┌─ EXERCISE MATERIALS
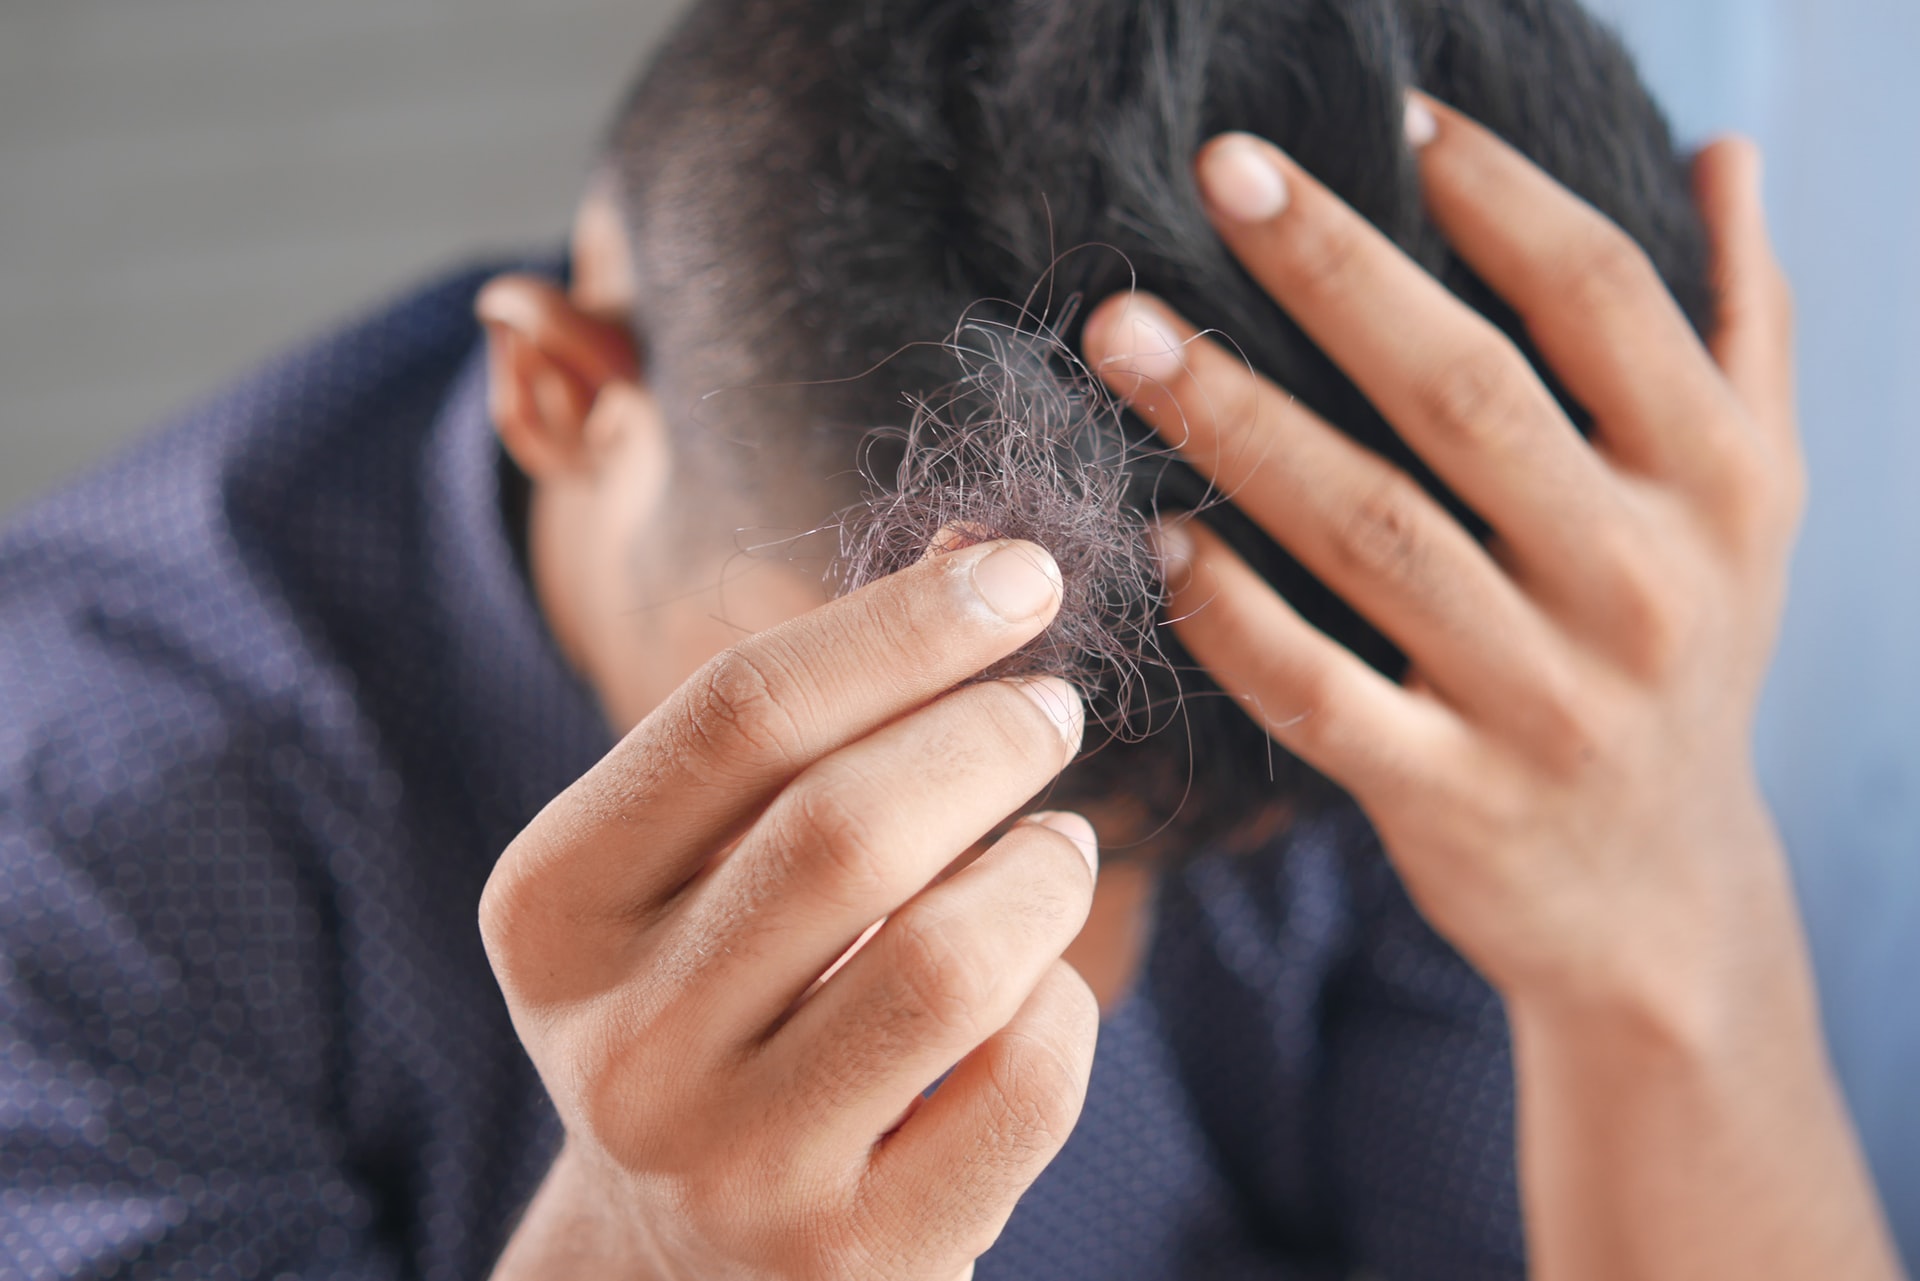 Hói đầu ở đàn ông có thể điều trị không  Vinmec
└─
┌─ EXERCISE MATERIALS
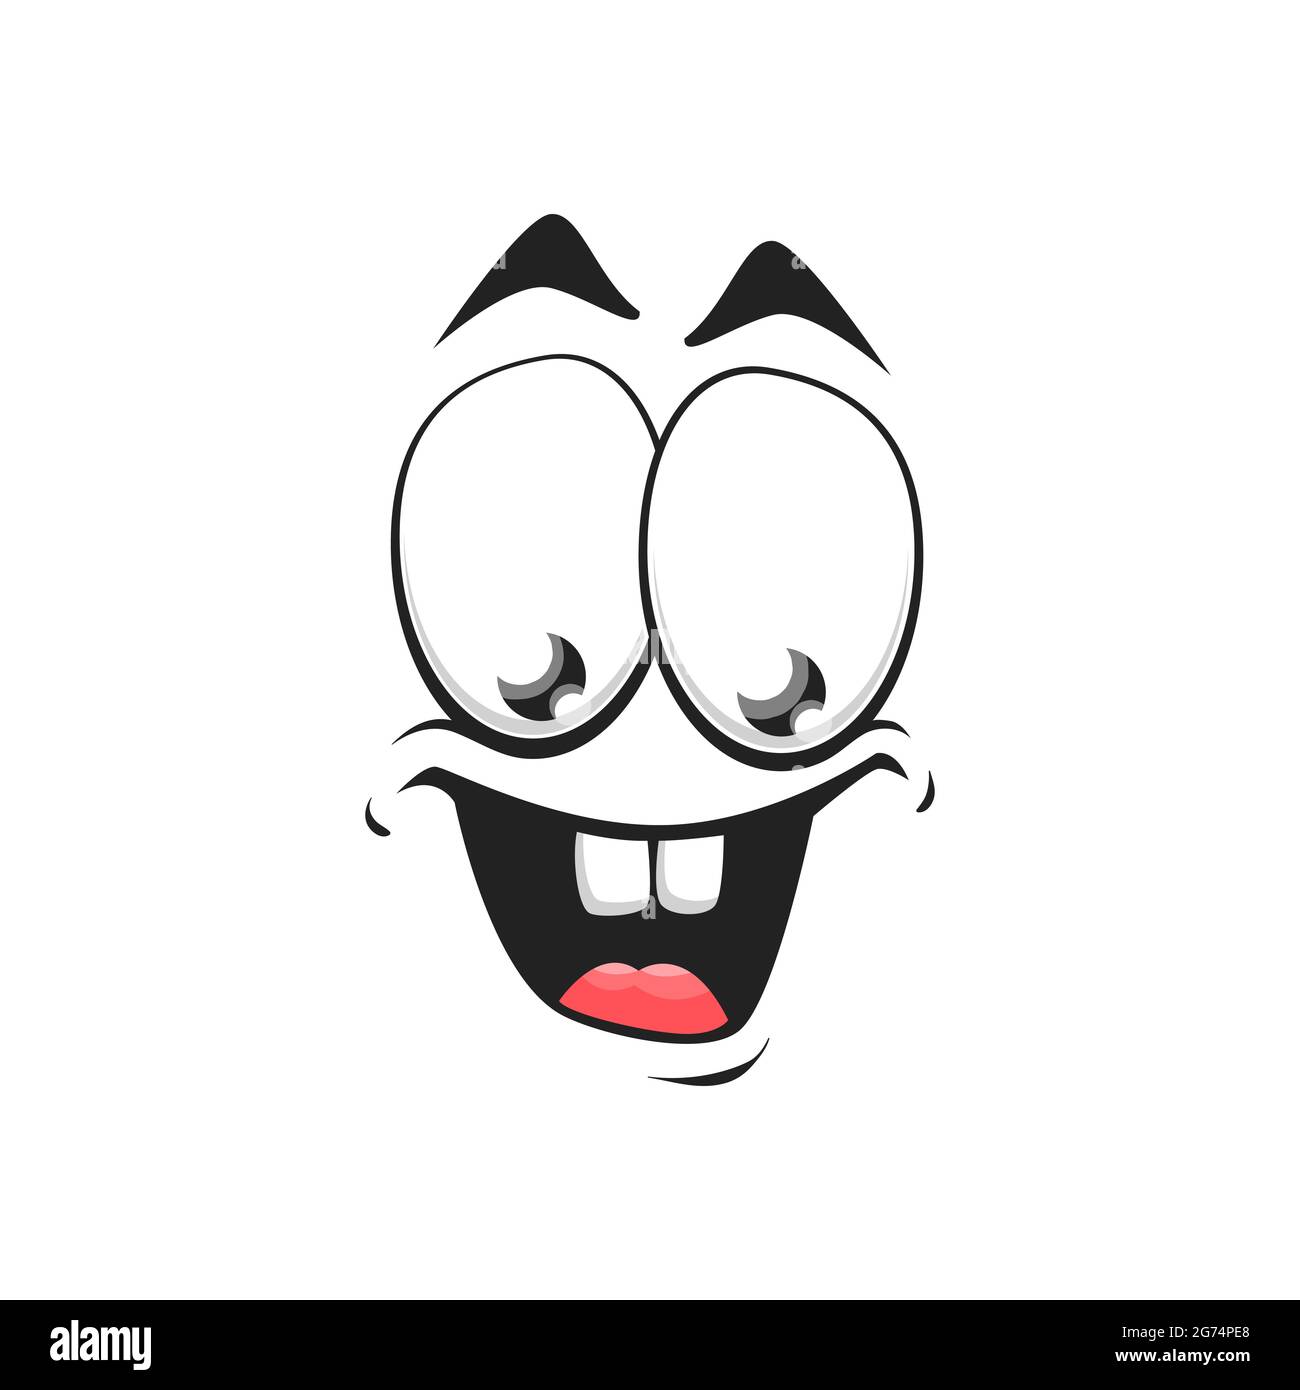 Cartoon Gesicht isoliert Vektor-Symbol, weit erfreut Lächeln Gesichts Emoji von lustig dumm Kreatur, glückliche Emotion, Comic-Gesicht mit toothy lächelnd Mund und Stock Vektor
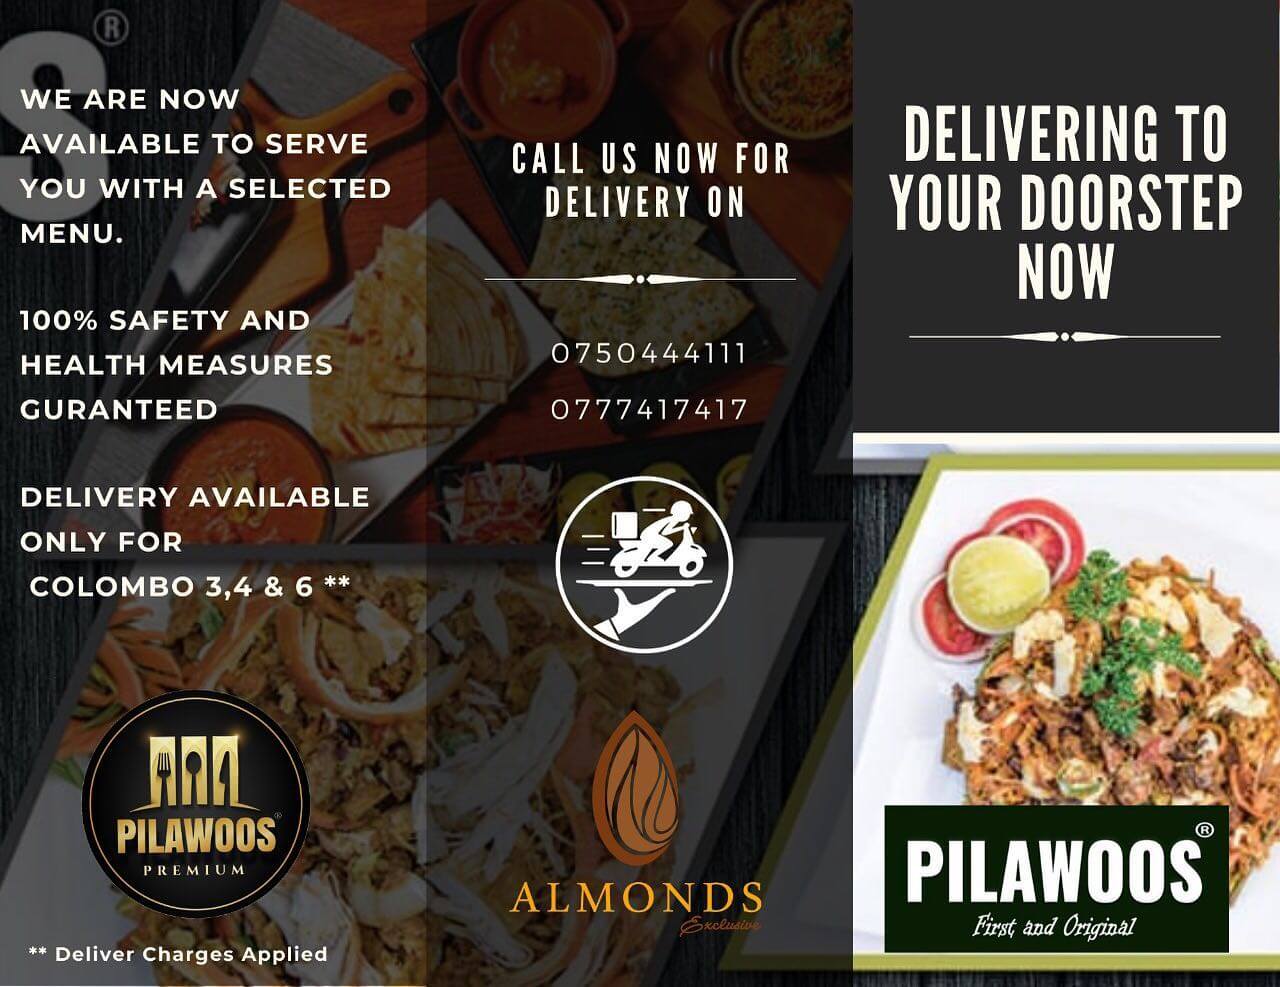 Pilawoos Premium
└─
TASK BRIEF — In the records above, copy exactly everything from the line that has "Cartoon Gesicht isoliert" down to the line that has "Pilawoos Premium", both ends included, and leave out the pictures.

TASK SOLUTION —
 Cartoon Gesicht isoliert Vektor-Symbol, weit erfreut Lächeln Gesichts Emoji von lustig dumm Kreatur, glückliche Emotion, Comic-Gesicht mit toothy lächelnd Mund und Stock Vektor
 Pilawoos Premium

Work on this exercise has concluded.